## Problem description
Please restate each line of the data that follows word for word, skipping any image.

## Collected material
======

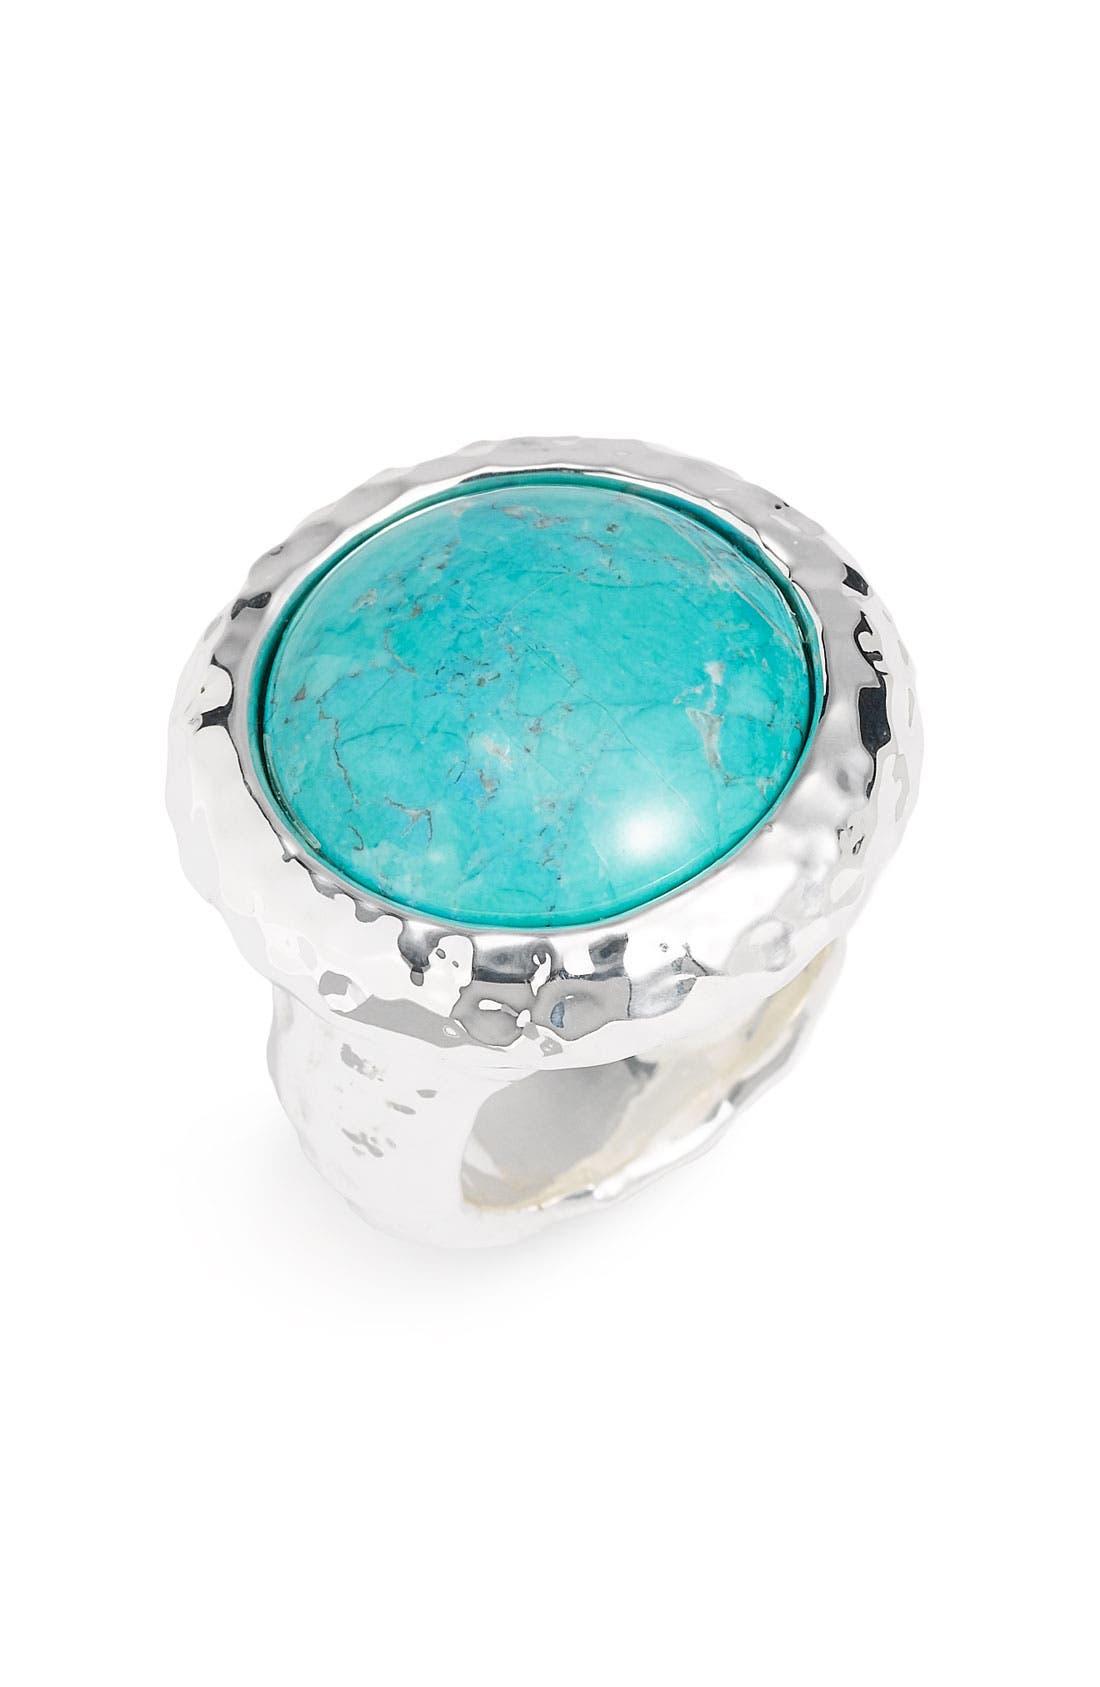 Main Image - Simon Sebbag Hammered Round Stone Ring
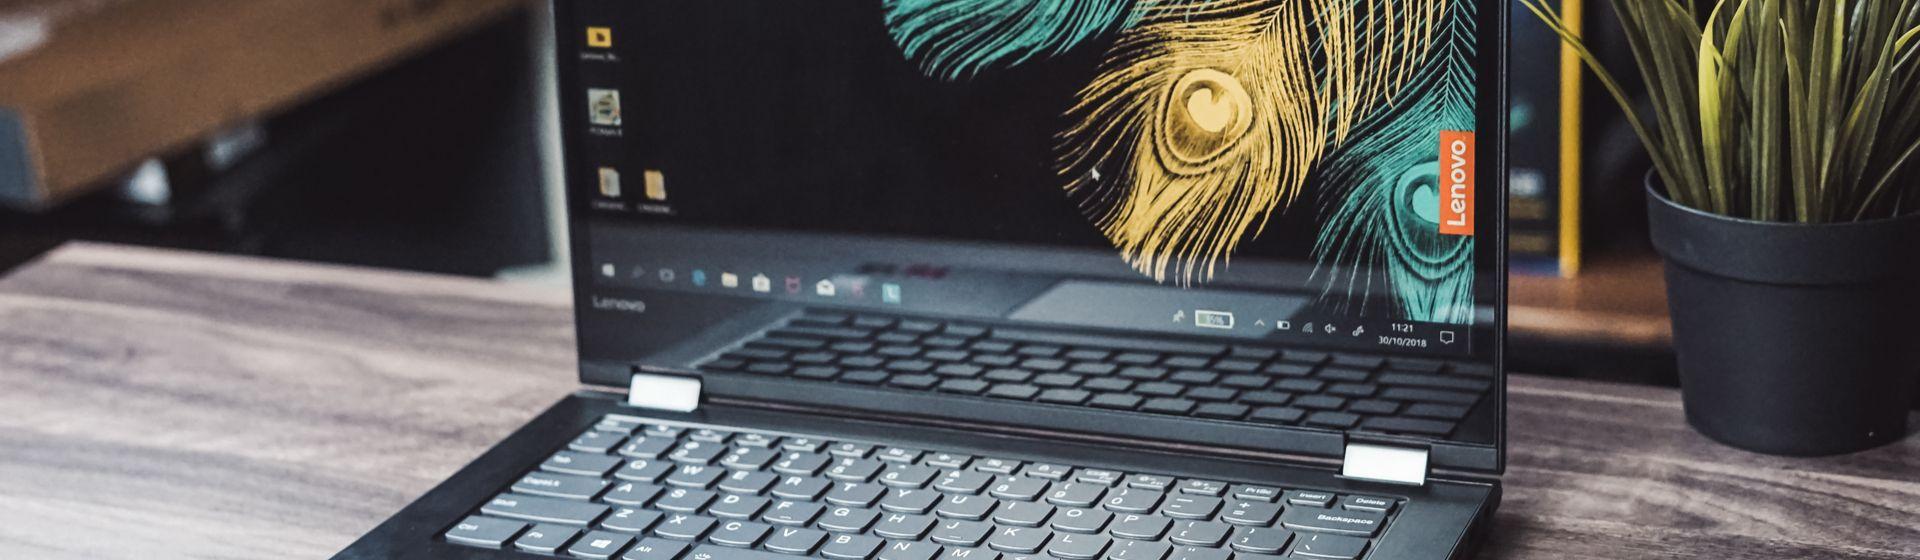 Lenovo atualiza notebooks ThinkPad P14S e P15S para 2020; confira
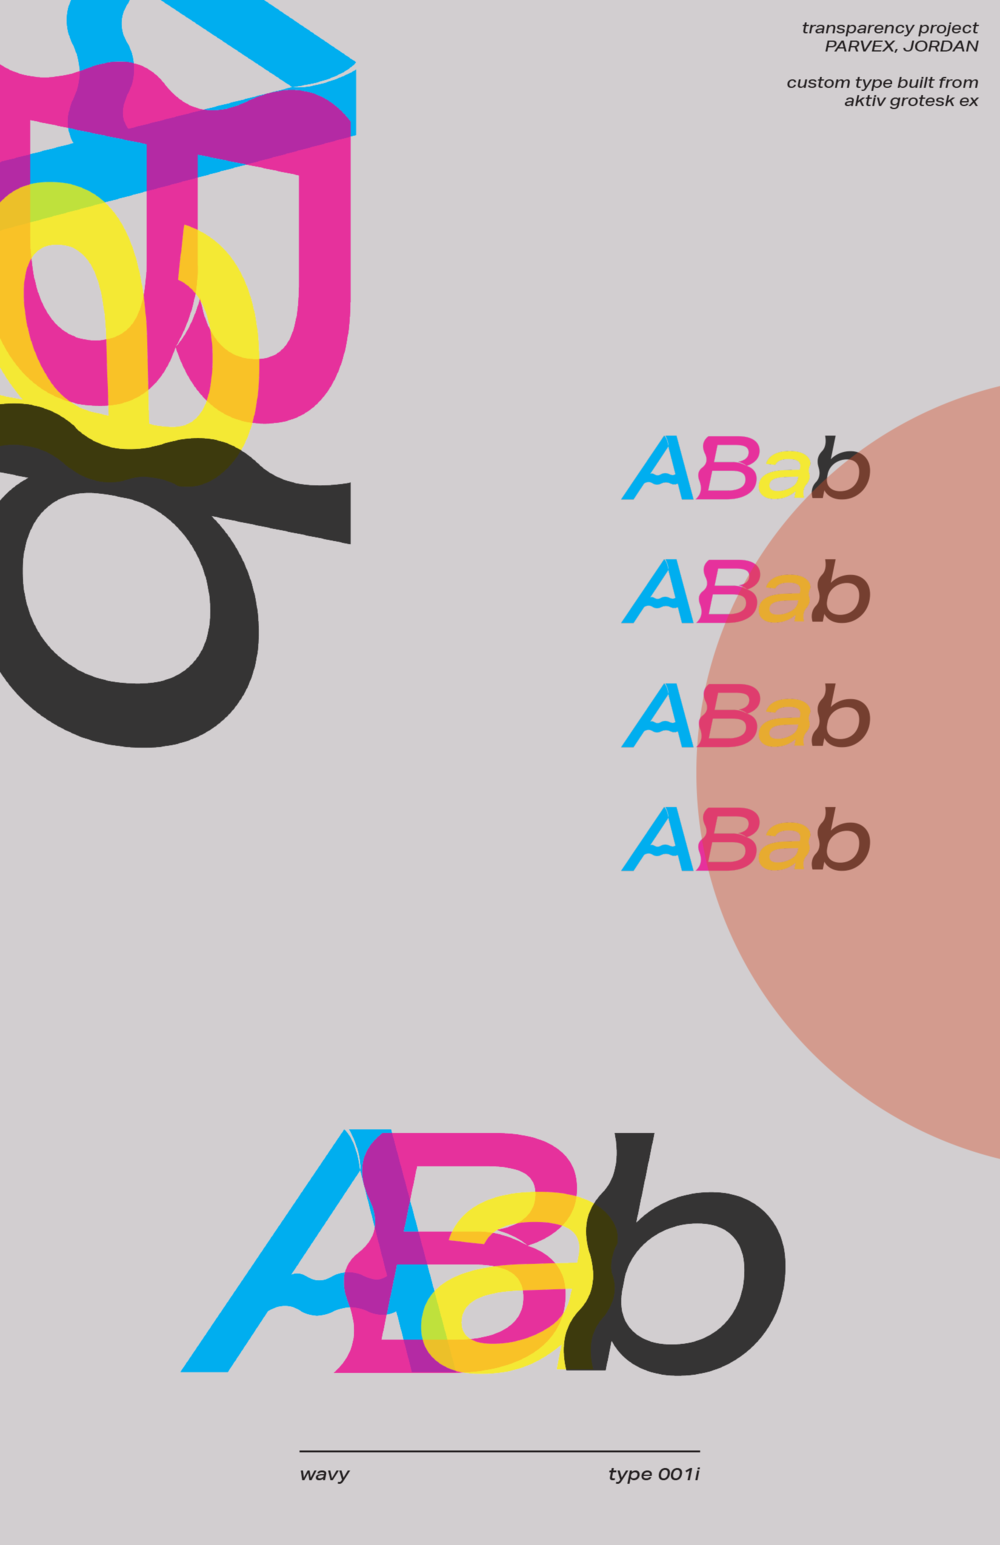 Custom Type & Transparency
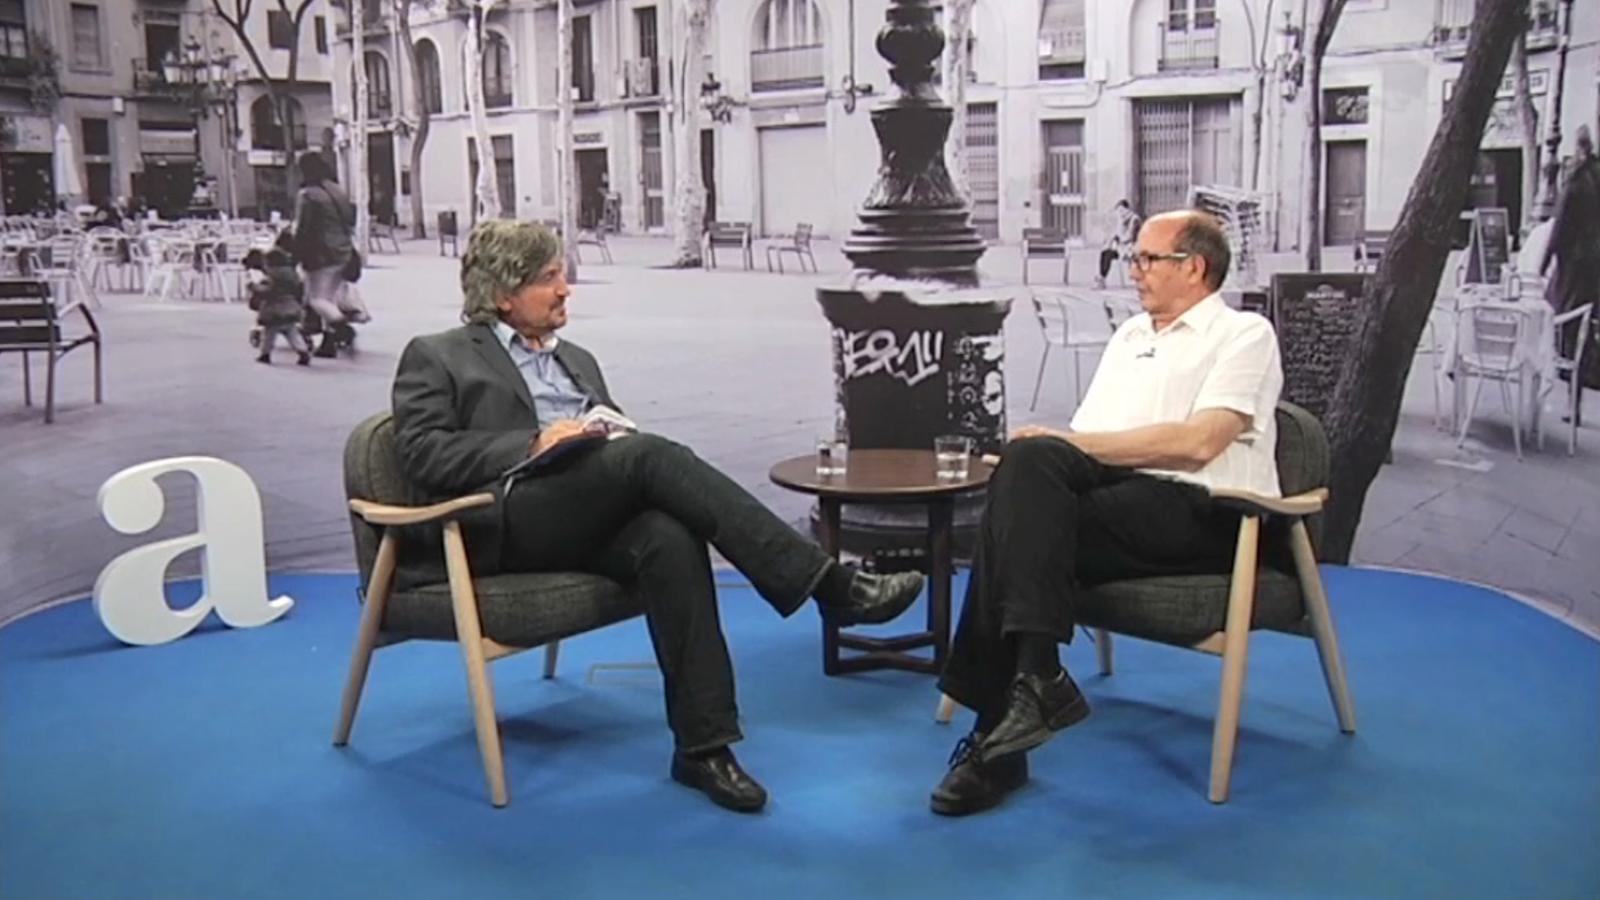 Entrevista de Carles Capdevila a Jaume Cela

======

## Result of the exercise
 Main Image - Simon Sebbag Hammered Round Stone Ring
 Lenovo atualiza notebooks ThinkPad P14S e P15S para 2020; confira
 Custom Type & Transparency
 Entrevista de Carles Capdevila a Jaume Cela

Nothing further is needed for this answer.